WHAT IS NEEDED: The answer must be every line of the records below that holds the word "Deutsche".

GIVEN RECORDS Start Marker

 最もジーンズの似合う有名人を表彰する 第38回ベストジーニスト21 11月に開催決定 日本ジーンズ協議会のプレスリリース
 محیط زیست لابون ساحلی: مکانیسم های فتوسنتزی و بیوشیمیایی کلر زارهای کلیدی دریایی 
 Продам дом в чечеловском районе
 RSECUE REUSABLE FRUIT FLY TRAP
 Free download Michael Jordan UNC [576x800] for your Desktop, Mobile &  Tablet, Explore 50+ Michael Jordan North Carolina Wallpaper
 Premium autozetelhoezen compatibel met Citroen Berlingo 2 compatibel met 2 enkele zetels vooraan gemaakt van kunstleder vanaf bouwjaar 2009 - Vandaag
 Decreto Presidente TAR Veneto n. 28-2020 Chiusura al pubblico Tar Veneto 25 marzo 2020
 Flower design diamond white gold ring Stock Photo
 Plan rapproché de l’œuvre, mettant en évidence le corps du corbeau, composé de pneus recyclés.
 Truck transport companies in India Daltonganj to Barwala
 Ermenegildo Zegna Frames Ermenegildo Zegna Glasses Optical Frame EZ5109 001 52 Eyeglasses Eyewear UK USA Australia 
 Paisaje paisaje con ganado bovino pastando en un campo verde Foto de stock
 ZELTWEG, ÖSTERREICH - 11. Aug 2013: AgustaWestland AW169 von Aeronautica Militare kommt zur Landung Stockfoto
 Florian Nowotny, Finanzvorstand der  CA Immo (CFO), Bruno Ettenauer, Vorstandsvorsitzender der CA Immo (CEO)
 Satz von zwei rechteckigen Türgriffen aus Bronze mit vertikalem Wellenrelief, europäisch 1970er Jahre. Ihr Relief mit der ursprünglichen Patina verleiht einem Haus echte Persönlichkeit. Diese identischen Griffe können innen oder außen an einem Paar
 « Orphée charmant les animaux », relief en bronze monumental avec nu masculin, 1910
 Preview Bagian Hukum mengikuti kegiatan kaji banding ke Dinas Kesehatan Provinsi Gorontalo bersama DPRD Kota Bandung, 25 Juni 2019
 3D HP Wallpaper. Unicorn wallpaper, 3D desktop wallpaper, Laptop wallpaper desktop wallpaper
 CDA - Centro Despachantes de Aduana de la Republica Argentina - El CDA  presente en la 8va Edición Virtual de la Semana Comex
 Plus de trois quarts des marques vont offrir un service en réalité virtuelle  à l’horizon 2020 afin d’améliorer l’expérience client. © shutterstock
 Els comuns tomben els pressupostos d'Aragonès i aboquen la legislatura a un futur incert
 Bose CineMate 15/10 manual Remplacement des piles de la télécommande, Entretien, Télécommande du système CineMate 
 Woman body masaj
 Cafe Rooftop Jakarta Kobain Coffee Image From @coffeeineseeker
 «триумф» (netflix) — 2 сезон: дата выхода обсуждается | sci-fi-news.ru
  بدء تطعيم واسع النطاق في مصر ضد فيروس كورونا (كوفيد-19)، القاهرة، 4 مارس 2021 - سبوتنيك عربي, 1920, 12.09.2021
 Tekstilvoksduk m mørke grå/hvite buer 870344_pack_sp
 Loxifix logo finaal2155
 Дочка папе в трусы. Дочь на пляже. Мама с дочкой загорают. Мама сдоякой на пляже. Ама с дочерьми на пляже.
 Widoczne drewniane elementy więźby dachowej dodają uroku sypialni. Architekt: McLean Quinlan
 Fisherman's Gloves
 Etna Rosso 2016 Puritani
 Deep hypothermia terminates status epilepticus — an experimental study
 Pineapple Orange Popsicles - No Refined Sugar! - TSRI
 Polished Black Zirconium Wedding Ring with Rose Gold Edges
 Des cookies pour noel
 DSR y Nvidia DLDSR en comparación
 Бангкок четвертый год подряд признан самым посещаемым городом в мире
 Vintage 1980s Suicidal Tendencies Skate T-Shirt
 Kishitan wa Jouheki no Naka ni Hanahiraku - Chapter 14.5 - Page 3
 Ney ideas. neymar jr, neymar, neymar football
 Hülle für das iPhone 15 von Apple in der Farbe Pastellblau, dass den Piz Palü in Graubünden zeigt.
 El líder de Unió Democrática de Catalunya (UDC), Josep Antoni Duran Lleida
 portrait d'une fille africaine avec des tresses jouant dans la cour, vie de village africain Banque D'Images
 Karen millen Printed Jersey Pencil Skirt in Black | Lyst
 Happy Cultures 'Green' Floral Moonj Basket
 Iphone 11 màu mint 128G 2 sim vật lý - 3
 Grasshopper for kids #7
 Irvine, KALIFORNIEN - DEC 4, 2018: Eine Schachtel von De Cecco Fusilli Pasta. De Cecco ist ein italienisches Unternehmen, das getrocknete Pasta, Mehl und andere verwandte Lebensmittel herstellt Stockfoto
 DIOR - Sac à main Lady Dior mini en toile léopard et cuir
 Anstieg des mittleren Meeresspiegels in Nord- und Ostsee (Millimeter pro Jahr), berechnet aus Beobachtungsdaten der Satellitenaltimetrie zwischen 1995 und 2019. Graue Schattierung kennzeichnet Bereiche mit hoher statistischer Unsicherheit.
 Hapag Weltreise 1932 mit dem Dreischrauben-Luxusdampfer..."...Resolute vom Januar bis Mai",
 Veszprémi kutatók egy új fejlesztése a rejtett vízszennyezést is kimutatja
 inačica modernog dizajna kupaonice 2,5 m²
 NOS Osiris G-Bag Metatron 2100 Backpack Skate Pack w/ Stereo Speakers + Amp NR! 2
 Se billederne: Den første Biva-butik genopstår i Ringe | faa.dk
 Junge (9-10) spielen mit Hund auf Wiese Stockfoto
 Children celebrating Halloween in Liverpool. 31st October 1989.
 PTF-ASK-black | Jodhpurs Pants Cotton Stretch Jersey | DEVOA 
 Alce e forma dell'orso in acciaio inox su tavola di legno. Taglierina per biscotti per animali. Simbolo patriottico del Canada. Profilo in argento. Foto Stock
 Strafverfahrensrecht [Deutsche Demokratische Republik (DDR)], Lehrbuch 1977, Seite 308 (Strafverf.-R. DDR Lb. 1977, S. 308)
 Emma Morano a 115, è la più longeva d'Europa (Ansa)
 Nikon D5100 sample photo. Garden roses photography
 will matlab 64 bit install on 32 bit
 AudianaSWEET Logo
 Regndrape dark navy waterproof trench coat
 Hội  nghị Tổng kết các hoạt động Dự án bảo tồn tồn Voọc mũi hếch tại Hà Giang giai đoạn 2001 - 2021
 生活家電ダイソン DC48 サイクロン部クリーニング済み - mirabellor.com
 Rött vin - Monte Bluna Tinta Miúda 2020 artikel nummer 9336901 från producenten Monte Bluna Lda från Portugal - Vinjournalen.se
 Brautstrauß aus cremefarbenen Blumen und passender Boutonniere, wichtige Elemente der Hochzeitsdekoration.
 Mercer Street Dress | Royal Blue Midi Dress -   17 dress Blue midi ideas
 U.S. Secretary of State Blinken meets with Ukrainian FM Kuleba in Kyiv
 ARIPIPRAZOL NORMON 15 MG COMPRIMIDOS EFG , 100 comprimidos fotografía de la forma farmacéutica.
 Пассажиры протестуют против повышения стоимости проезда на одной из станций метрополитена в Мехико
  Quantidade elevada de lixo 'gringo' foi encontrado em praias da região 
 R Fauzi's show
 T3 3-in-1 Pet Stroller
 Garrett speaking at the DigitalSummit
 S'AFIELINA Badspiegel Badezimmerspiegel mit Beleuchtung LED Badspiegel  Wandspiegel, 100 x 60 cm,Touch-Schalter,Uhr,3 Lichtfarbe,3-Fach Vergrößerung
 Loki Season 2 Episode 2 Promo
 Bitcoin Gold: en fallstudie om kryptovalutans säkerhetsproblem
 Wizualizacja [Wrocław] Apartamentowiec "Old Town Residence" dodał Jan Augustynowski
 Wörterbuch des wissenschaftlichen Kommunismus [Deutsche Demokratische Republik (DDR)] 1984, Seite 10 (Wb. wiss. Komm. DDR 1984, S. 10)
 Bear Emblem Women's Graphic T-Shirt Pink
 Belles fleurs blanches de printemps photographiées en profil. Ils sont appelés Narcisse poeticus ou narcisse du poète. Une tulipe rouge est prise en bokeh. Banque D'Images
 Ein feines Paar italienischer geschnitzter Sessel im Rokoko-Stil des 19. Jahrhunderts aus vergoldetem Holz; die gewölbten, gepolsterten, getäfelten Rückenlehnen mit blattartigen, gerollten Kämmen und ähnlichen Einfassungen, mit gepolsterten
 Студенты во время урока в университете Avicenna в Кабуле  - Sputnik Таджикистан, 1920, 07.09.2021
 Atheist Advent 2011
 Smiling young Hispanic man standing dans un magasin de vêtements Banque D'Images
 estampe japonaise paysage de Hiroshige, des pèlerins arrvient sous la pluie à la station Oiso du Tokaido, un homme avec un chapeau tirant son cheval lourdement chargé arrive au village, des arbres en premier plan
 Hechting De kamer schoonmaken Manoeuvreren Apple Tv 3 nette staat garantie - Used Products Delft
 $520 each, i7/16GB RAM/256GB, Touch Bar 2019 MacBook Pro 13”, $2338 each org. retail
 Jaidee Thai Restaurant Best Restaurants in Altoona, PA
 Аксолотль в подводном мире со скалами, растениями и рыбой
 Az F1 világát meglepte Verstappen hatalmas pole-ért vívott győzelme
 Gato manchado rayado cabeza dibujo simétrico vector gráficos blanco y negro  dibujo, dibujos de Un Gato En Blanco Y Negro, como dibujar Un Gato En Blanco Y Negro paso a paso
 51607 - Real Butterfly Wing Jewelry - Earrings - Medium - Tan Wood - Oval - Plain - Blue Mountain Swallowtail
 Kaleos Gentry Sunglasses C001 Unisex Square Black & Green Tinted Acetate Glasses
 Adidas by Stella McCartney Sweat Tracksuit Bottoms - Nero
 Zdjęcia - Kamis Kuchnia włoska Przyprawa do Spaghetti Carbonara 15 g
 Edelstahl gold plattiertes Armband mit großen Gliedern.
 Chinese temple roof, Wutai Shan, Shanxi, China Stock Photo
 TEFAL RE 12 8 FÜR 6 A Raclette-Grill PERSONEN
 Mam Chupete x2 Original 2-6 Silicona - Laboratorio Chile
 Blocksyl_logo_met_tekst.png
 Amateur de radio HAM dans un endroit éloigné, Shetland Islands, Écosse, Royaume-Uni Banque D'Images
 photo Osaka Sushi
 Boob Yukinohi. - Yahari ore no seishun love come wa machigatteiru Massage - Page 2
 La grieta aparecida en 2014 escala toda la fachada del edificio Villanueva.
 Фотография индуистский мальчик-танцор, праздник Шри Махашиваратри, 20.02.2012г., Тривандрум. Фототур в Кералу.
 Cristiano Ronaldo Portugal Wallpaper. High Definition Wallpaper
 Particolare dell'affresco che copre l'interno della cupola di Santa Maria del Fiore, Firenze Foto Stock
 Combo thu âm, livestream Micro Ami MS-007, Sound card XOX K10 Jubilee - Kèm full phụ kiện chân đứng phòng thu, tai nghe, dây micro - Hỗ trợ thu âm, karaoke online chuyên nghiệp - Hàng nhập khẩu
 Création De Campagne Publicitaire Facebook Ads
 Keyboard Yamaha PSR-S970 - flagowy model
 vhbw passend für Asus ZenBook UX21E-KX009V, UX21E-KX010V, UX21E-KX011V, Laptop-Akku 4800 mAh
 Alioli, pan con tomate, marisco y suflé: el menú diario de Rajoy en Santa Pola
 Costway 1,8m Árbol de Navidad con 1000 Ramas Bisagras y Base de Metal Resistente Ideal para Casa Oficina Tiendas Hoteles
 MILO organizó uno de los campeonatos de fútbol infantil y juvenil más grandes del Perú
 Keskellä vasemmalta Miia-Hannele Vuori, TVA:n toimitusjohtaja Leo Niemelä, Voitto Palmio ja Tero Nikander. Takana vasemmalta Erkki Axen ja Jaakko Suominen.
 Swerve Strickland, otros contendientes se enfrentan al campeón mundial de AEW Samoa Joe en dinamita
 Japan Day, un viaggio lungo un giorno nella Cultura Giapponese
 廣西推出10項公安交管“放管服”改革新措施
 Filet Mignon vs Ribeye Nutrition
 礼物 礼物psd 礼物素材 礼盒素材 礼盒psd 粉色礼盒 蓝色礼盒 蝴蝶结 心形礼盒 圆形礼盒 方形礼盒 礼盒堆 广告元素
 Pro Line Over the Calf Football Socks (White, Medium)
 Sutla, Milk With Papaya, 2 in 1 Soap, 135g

GIVEN RECORDS End Marker

RESULT BELOW:
 Strafverfahrensrecht [Deutsche Demokratische Republik (DDR)], Lehrbuch 1977, Seite 308 (Strafverf.-R. DDR Lb. 1977, S. 308)
 Wörterbuch des wissenschaftlichen Kommunismus [Deutsche Demokratische Republik (DDR)] 1984, Seite 10 (Wb. wiss. Komm. DDR 1984, S. 10)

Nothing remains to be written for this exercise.